I hope Perl does not plan to use 'r' for something different.

NWilson commented 1 month ago

Rebased, and fixed to "Fall through" for consistency.

zherczeg commented 1 month ago

@carenas if you are ok with the patch, I will land it. @NWilson please update the test conflicts and merge commits

NWilson commented 1 month ago

Rebased, squashed, and fixed the conflicts with the PR you just merged.

carenas commented 1 month ago

Usually Philip follows up with some documentation in ChangeLog, which this change (and most others) were missing.

PhilipHazel commented 1 month ago

Previously, when I wanted a new (?some-letter I used an upper case letter (e.g. (?J)) to try to keep away from potential Perl changes, but (?R) was already in use so I must have decided to take a chance on (?r).

Re ChangeLog: I've been thinking about this. Since the move to Git the contents of ChangeLog haven't really kept in step the way they used to, though as @carenas says, I've done some post hoc additions from time to time. Over the years, I've found it useful as a way of remembering what changed when, but perhaps others are less interested. (Reading the PCRE1 ChangeLog from the start - version 0.91 - is historically instructive as it reminds one of how much has changed since 1997.) The other think I've used ChangeLog for is for updating the NEWS file from it just before a release. I think there are perhaps three possible ways to go:

  1. Close ChangeLog and in future rely only on Git log entries.
  2. From time to time, probably just before a release, go through the Git log and update ChangeLog appropriately.
  3. Keep hassling everybody to update ChangeLog for every change.

What do people think?

carenas commented 1 month ago

I didn't meant from my comment to be a policy discussion, just a reminder for a task that needed to be done and indeed an excuse for myself to do it if it wasn't tackled independently (as shown in #519).

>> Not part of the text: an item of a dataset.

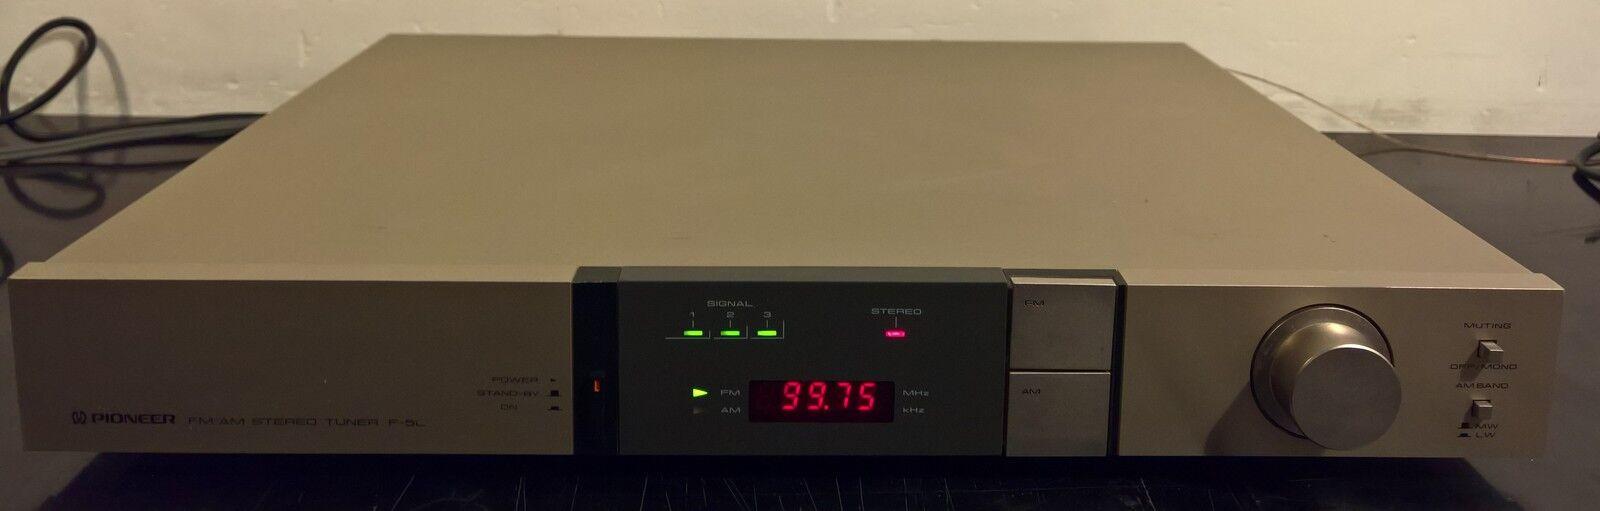 Sintonizzatore radio digitale FM/AM $_57

I do think though that keeping the ChangeLog in good shape is important, and also that is done in a timely way so that it could be described properly (specially considering that commits and PR descriptions as of now are not consistently used to work as the source of an automated replacement).

Updating them with the committed changes is not ideal though (as they will likely result in conflicts), so probably 2 might be the only reasonable short term option?